Nur genauen Beobachtern fiel auf, dass nicht Margarete Nötzel, die eigentliche Pressesprecherin des OLG München, die Veranstaltung leitete. Lag dies vielleicht daran, dass die Richterin bisher keine sehr glückliche Figur bei ihren Medienauftritten gemacht hatte? Dass sie einige Journalisten vorab informiert hatte, wann und wie das OLG München die umstrittene Akkreditierung der Journalisten durchführen wollte und dass es auch erhebliche Pannen bei der richtigen Eingabe und dem gleichzeitigen Versand der Mails an Journalisten gab? Der Austausch der Pressesprecherin zeigt auch, dass das Umfeld für Justizpressesprecher rauer geworden ist.

Doch was macht eigentlich ein Pressesprecher der Justiz? Und wie wird man dies? Gerichte und Staatsanwaltschaften sind im rechtlichen Sinne staatliche Behörden. Als Behörden sind sie  auch aufgrund der Landespressegesetze und anderer Vorschriften verpflichtet, Medienvertretern Auskunft zu erteilen, soweit es keine Verbote gibt. Auskunftsverpflichtet ist dabei grundsätzlich zunächst der Behördenleiter. Doch kann er diese Aufgabe als Verwaltungsaufgabe an einen Pressesprecher (oft auch als Pressedezernent oder Pressereferent bezeichnet) delegieren? In vielen Behörden gibt es dafür feste Planstellen, ganze Abteilungen und Dezernate, oft mit mehreren Mitarbeitern, die für die Medienauskünfte, die allgemeine Öffentlichkeitsarbeit, für Veranstaltungen oder für das Internet zuständig sind.

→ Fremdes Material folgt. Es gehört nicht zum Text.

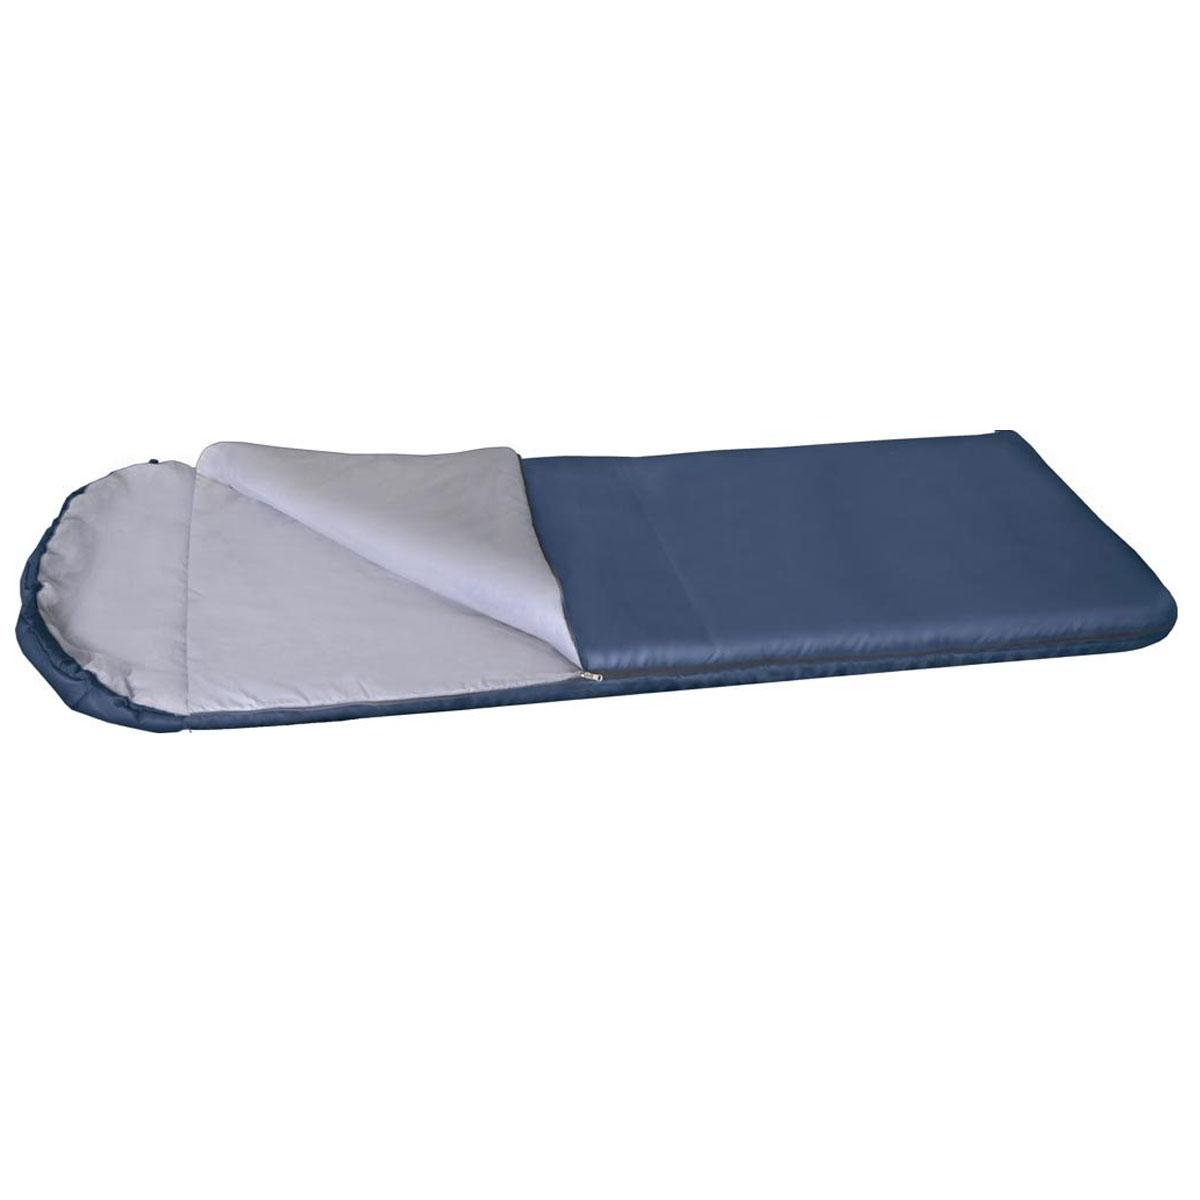 Спальный мешок-одеяло Alaska Одеяло с подголовником +10 °С, цвет: синий, левосторонняя молния. 95253-405-0095253-405-00Недорогой спальный мешокAlaska Одеяло с подголовником +10 займет очень немного места в багажнике вашего авто, выручит на даче, в летнем походе выходного дня и в городской квартире в качестве дополнительного утепляющего слоя во время ожидания начала отопительного сезона. Простой и максимально практичный спальникAlaska Одеяло с подголовником +10 имеет аномально низкую стоимость! Даже трудно представить себе качественный спальный мешок дешевле! Однако спальник Одеяло с подголовником +10 обладает всеми необходимыми свойствами для обеспечения комфортного отдыха в теплое время года - это облегченный вес, разъемная молния, что позволяет соединять два однотипных спальника вместе и удобный подголовник, который с помощью встроенного шнура легко превращаются в теплый капюшон. Благодаря простоте конструкции, спальные мешки легко превращаются в двух спальные одеяла, которые можно использовать не только на природе, но и на даче.Утеплитель: Термофайбер.Ткань верха: Политафета 170Т.Внутренняя ткань: Политафета 170Т. При состегивании двух мешков подголовники будут по диагонали.

In der Justiz ist dies leider meistens nicht der Fall. Planstellen für Pressesprecher, die dann nicht mehr als Richter oder Staatsanwalt tätig sind oder für die eigene Stelle, etwa als Verwaltungsangestellte, geschaffen werden, bilden die absolute Ausnahme. So gibt es etwa beim Bundesverfassungsgericht einen an das Gericht abgeordneten Richter aus der Stuttgarter Justiz, der in der Regel für drei Jahre die Pressearbeit des Gerichts übernimmt. Doch schon bei den Bundesgerichten, wie dem Bundesgerichtshof oder dem Bundessozialgericht, übernehmen Bundesrichter die Medienarbeit zusätzlich zu ihrer Richtertätigkeit. Und in nur wenigen Staatsanwaltschaften, die in der Justiz mit am meisten Medienarbeit zu leisten haben, haben Staatsanwälte, die für ihre Sprechertätigkeit von anderen Tätigkeiten freigestellt sind. Die Öffentlichkeitsarbeit der Justiz findet oft noch im Verborgenen statt, obwohl sich vieles in den vergangenen Jahren verbessert hat. Vergleicht man deren Personalausstattung in diesem Bereich etwa mit Gemeinden oder mit der Polizei, so ist diese Ausstattung angesichts der Bedeutung der Justiz in unserem Rechtsstaat einfach schlecht. Dies obwohl etwa das Bundesverwaltungsgericht schon 1997 festgestellt hat, dass es eine der Kernaufgaben der Justiz ist, die Öffentlichkeit über ihre Entscheidungen zu unterrichten.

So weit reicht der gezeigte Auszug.